The Latest Generation Of 'Get Off My Lawn!' Books From People Who Don't Understand Technology
from the it's-a-tool dept
Adam Singer points us to a recent article in the Guardian about a spate of recent "technology is destroying society"-type books, many of which we've spoken about before. The main book it talks about, however, is Sherry Turkle's new book Alone Together. This is a bit disappointing in the fact that, in the past, Turkle has often been an astute observer of technology and how kids are adapting to it in positive ways. As one person jokes in the article: "Alone Together reads as if it were written by Turkle's evil Luddite twin."Unfortunately, like so many of these books, the criticism seems to be focused on a sort of "get off my lawn!" outsider's view of technological culture, with assumptions about what constitutes "good" and what constitutes "bad." For example, the fact that people check information on their smartphones is seen as bad, but that doesn't take into account context or whether or not those people are communicating with others in a productive manner.
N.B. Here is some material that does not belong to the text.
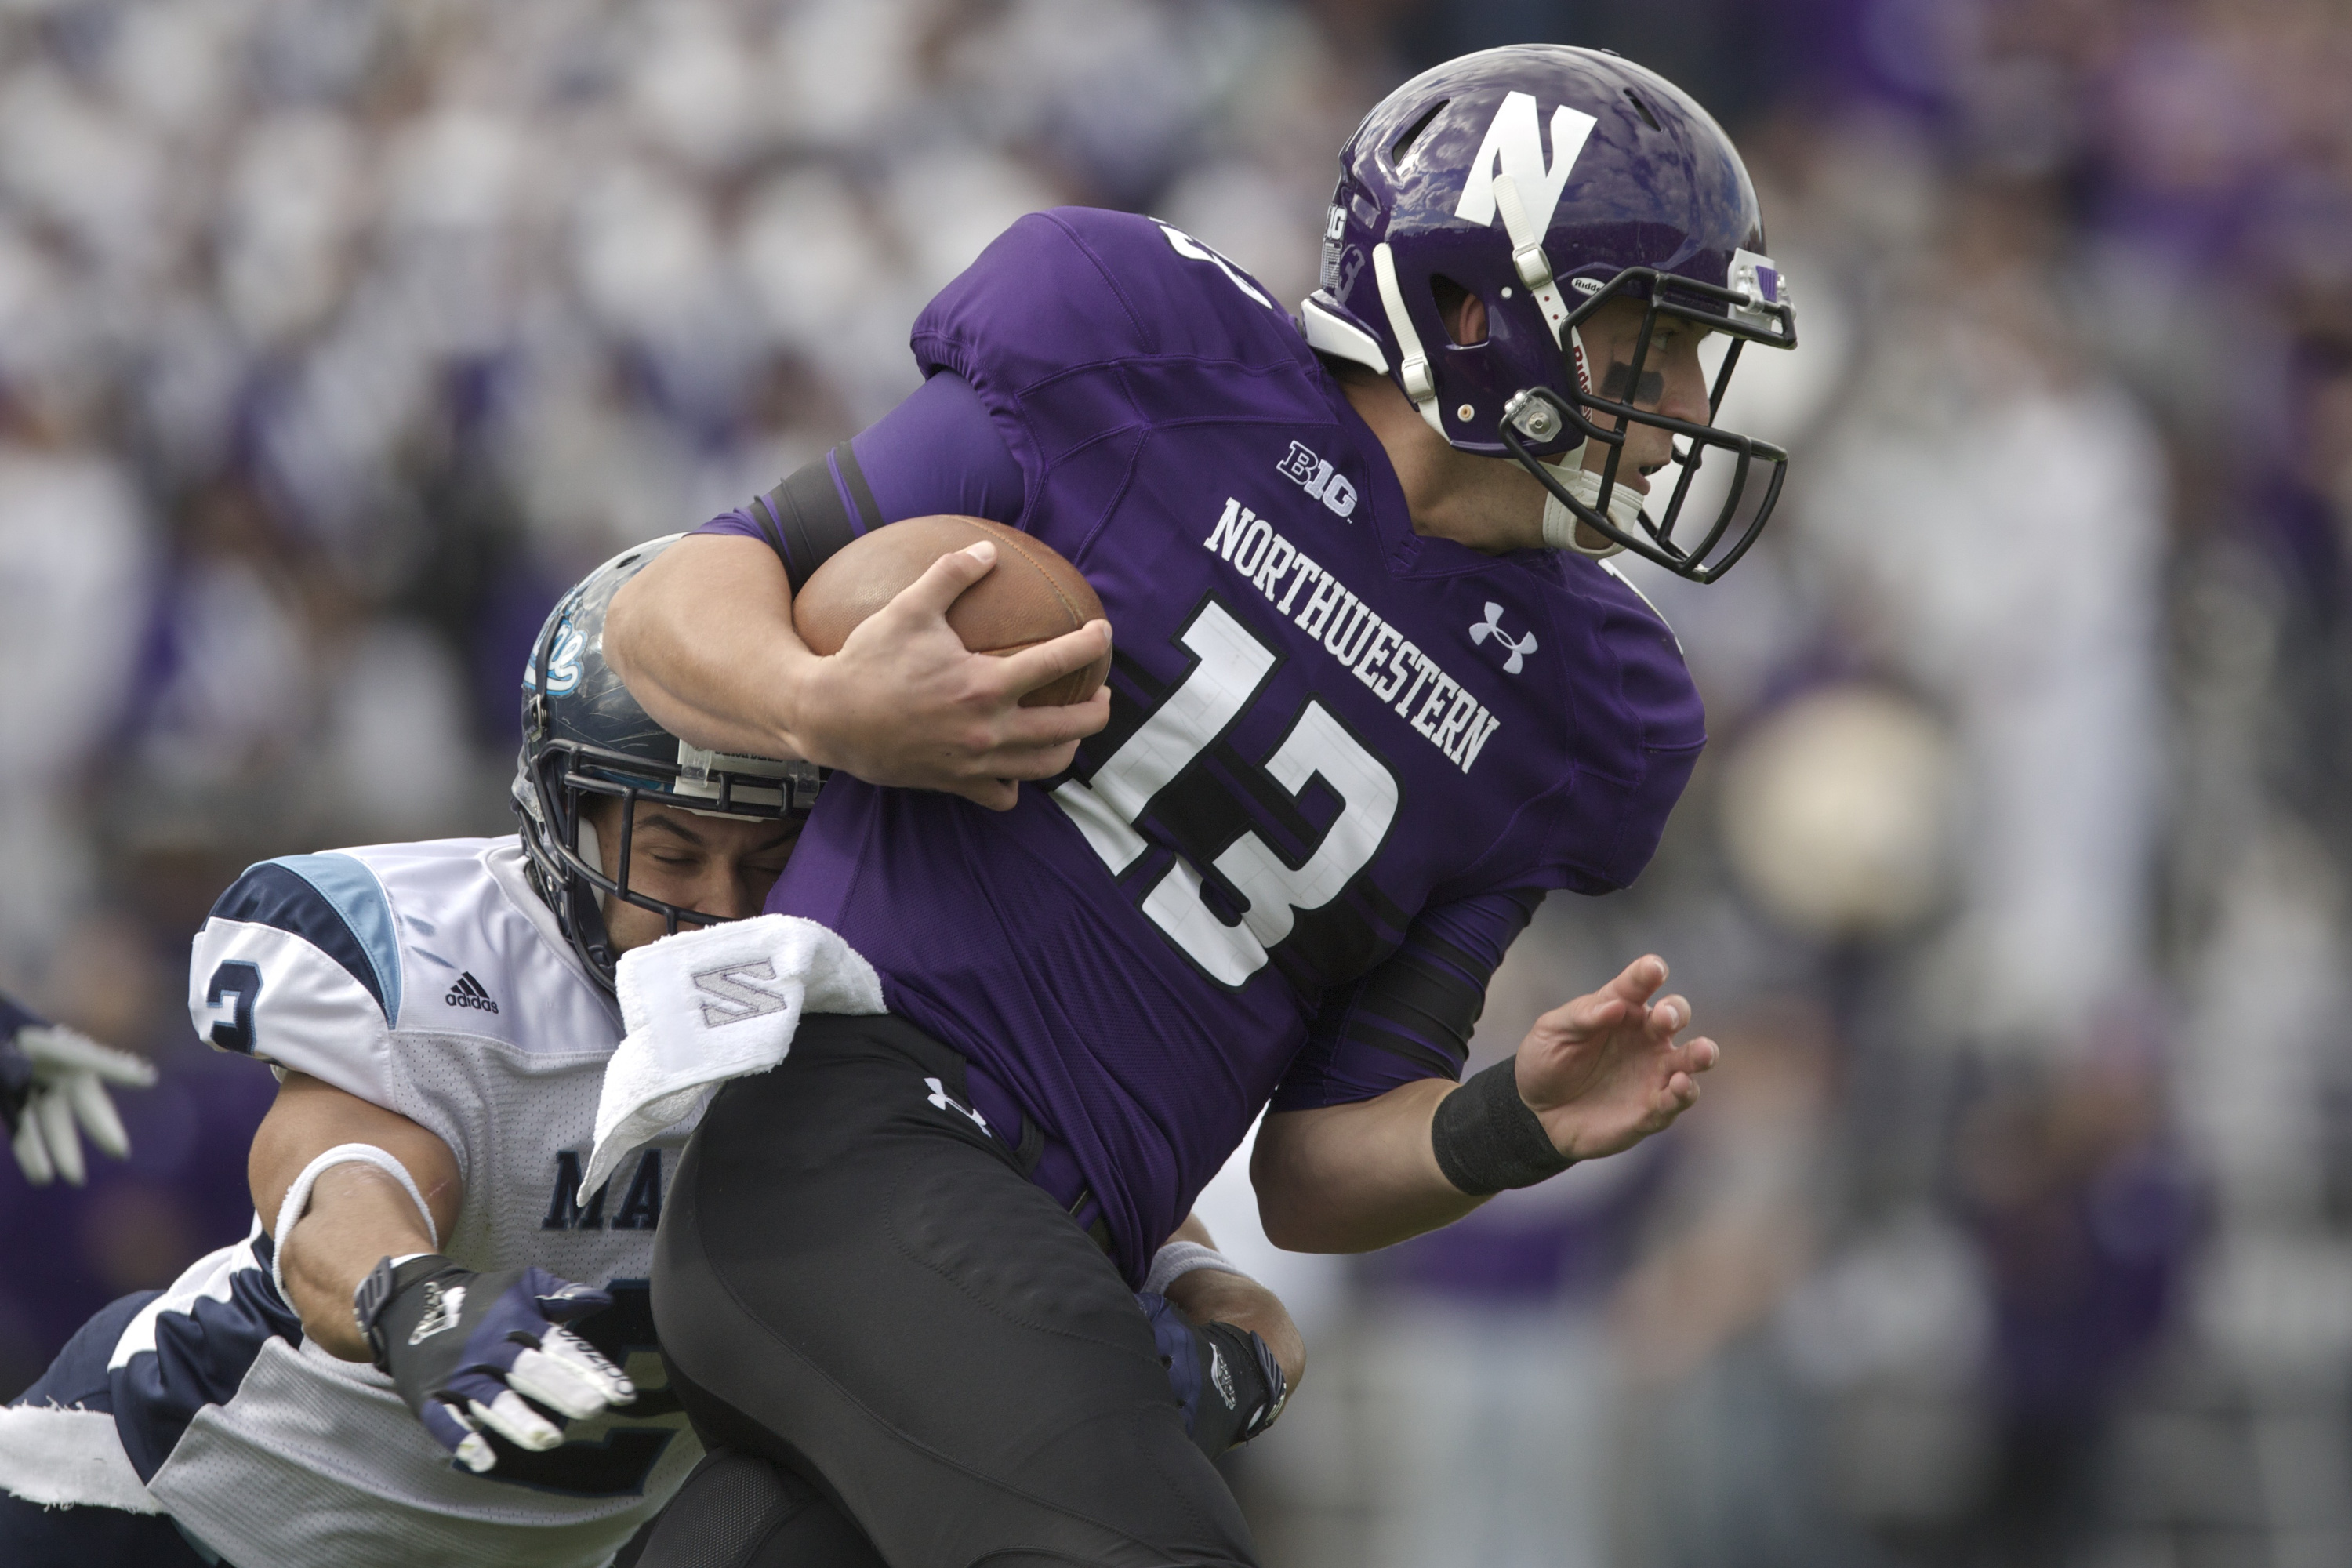 Cabrinni Goncalvesof the Maine Black Bears tackles Trevor Siemianof the Northwestern Wildcats during their college football game at Ryan Field on September 21, 2013 in Evanston, Illinois.

As always, technology is a tool and there's no doubt that some people use it in ways that are not productive or helpful to themselves, just as many others use the tools in ways that make their lives better. Trying to paint this all with such a broad brush is disappointing. Much of it seems based on the silly assumption that communicating with someone via a screen is automatically less human than communicating with someone face-to-face. Yet we saw the same claims when the telephone first came out and I don't think anyone still claims that the telephone degraded societal communications. Technology is a part of the ecosystem and people have an amazing ability to adapt to it. Yes, some people will always overdo it, but blaming the technology and discounting the many positive users (as well as the likelihood that people adapt over time) is a huge mistake. It might sell books, but it does little to shed any real insight into how technology is impacting our lives.